IGD: What are the benefits?
Camelot: The decoupled and demand-driven supply chain can deliver planned service levels with significantly better capacity utilisation, no fire-fighting, much shorter lead times, and the correct, lower level of stock. Companies that adopt the demand-driven approach have been able to reduce their stock levels by up to 50%.
Some businesses may think that their demand patterns are just too volatile for this approach to work. However, if you have consistently high volatility, then the average and standard error is still valid, so this approach will still be effective. You’ll obviously be holding more stock than if demand was less volatile, but the key benefit is that you won’t be disrupting supply operations with expediting and fire-fighting as you would if you were trying to be forecast driven.
IGD: What are the barriers that exist?
Traditional manufacturing resource planning (MRP) systems have not been compatible with this methodology. With demand-driven, each inventory point is decoupled from the rest of the supply chain, whereas MRP has always been based upon fully dependent demand. Therefore, it has proved exceptionally difficult to embed into legacy systems.

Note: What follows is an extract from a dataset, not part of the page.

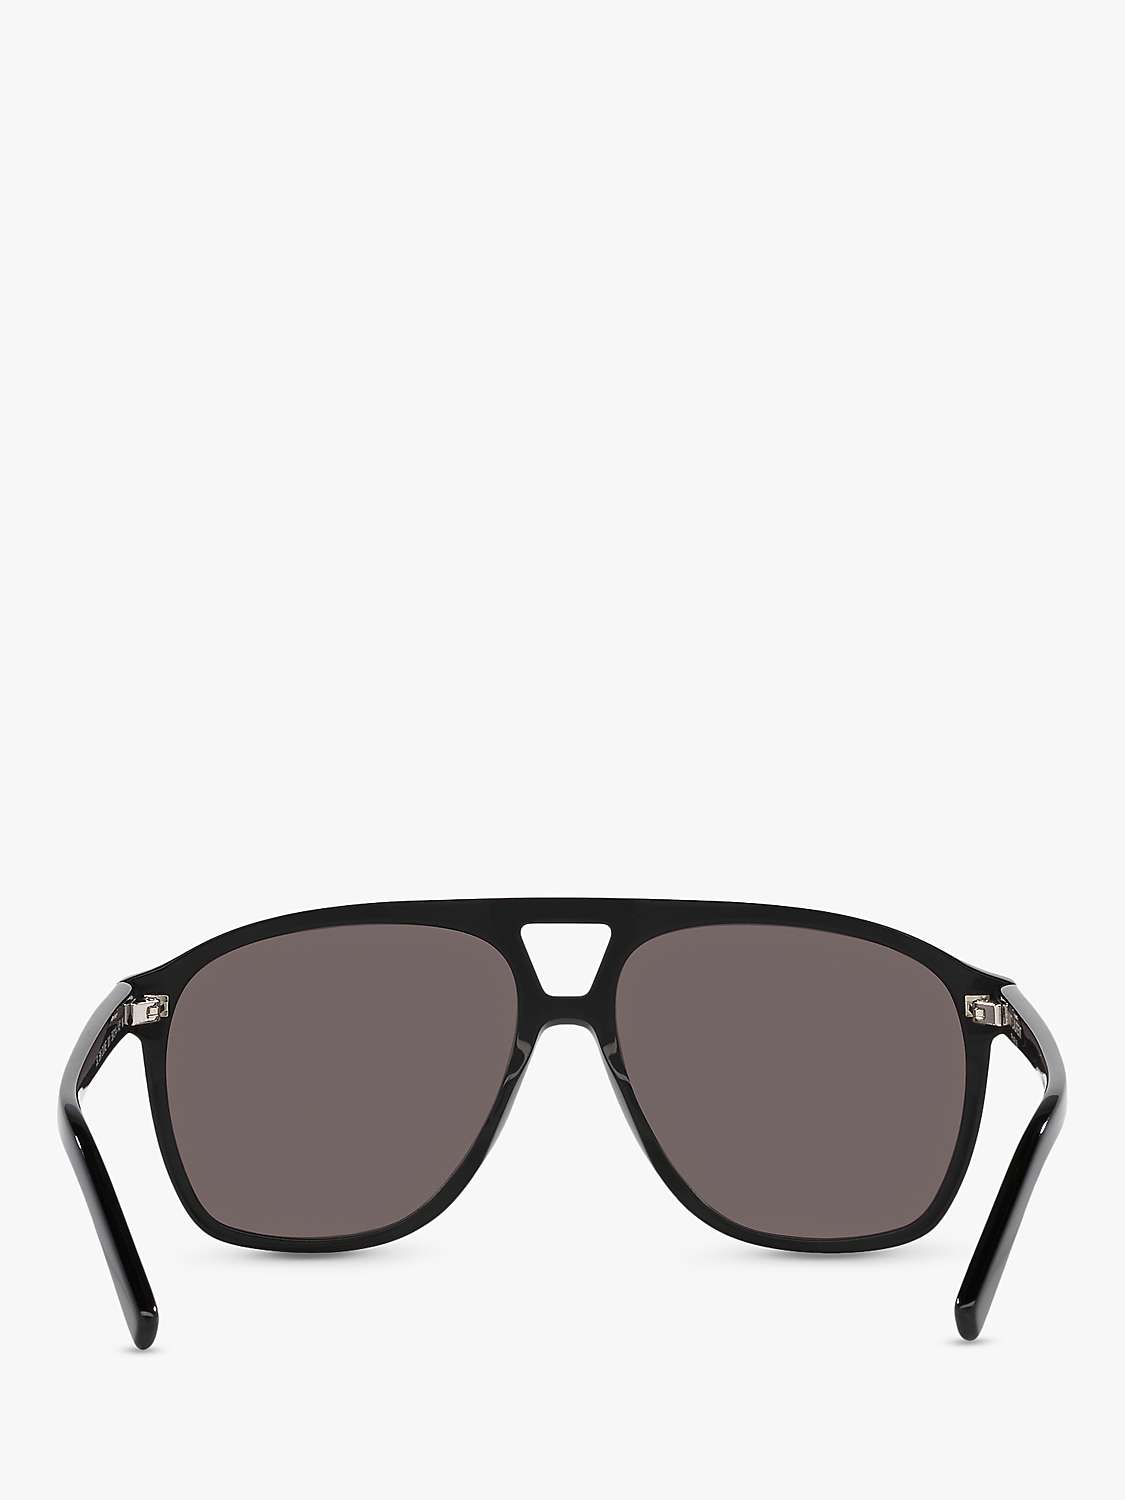 Buy Yves Saint Laurent YS000473 Women's Oval Sunglasses, Black Online at johnlewis.com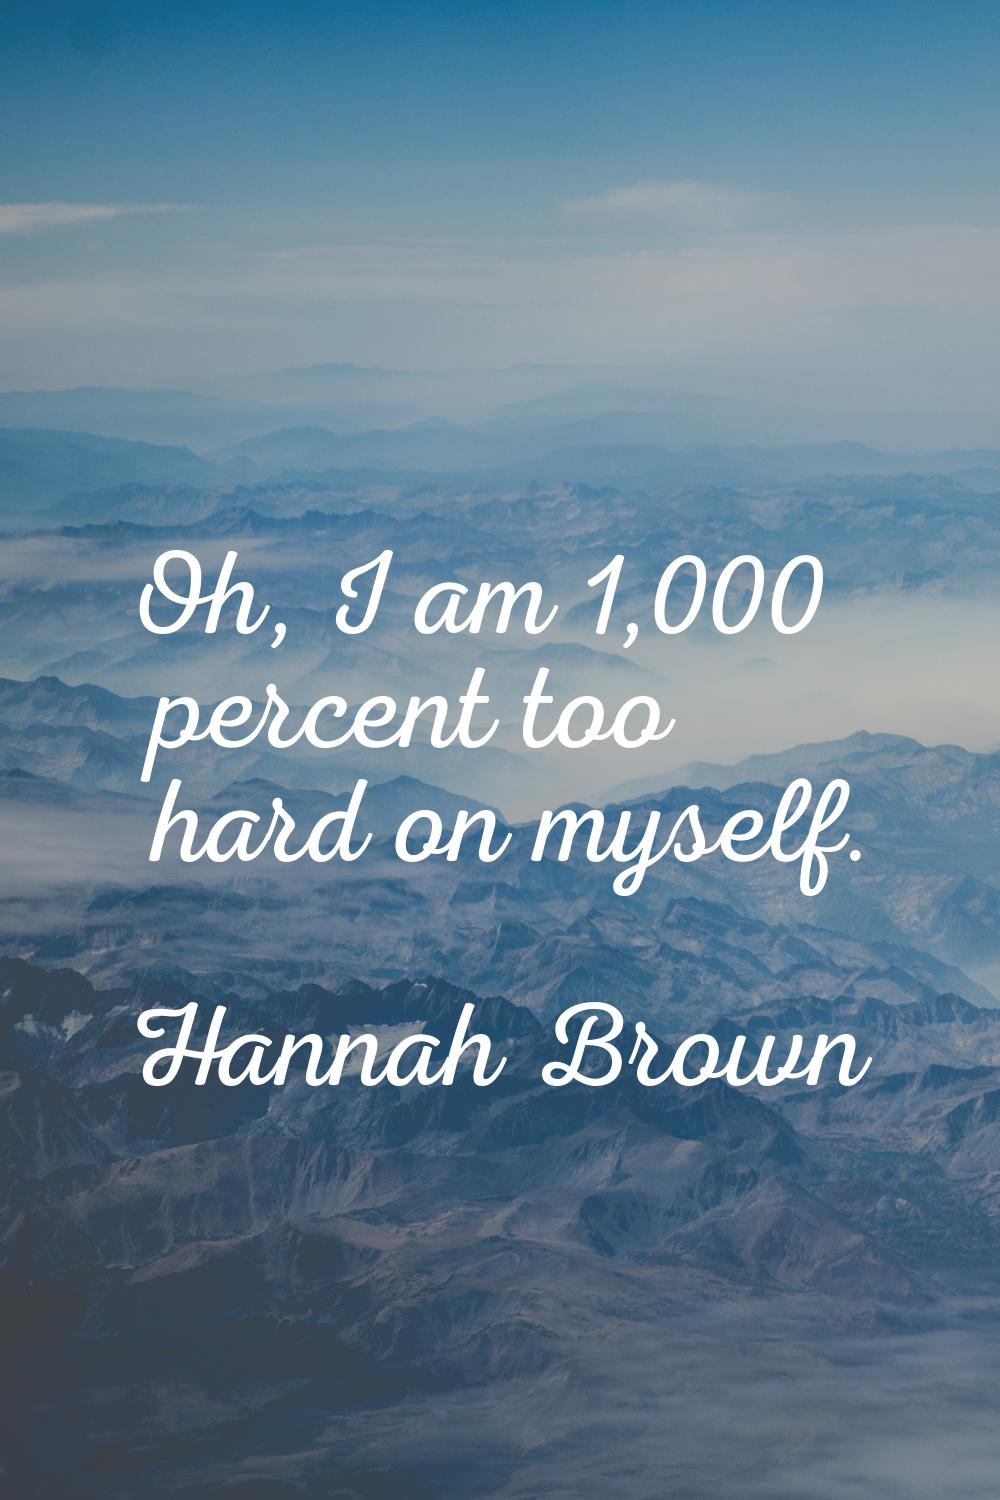 Oh, I am 1,000 percent too hard on myself.

In recent years, many businesses have attempted to use spread-sheet-based demand-driven supply chain management which has worked on a small scale but is not a sustainable and scalable way of working across large and complex supply chains.
The emergence of ‘Software as a Service’ (SaaS) has allowed Camelot to enhance MRP systems to implement a robust enterprise-wide demand-driven process. So now this technical barrier has disappeared, companies can take their current systems, ‘add in’ the enhancement and begin making changes immediately.
A more significant barrier to adoption of demand-driven is perhaps conservatism amongst manufacturing companies. Despite the fact that demand-driven is really just a software-enabled lean pull approach with event management, the change is almost too large for some companies to comprehend. Paradigm shifts need a concerted change management effort to roll out, and some businesses are afraid to be innovators. But we are rapidly moving through this early adopter phase as some major FMCG companies are now trialling this approach, so we envisage a considerable acceleration in uptake over the next few years.
One of the advantages of using Software as a Service is that it allows for demand-driven simulations to be run, using a manufacturer’s demand data and parameters to quantify the benefits. So no leap of faith is necessary and subsequent small-scale pilots are feasible allowing for an incremental roll out.
IGD: Thanks for your time, to summarise, what does the future of demand-driven supply chains look like to you?
Camelot: Going into 2018/19 we are already seeing many companies, particularly in the FMCG industry, beginning to trial demand-driven. SAP’s announcement, with Camelot, that they are also supporting adoption of DDMRP through their new software releases has also helped in raising awareness and brought it into the mainstream.
This can be a genuinely transformational way of working, requiring a degree of ambition and appetite for change, along with senior level sponsorship. Those companies that adopt this approach early will undoubtedly be able to secure a competitive advantage.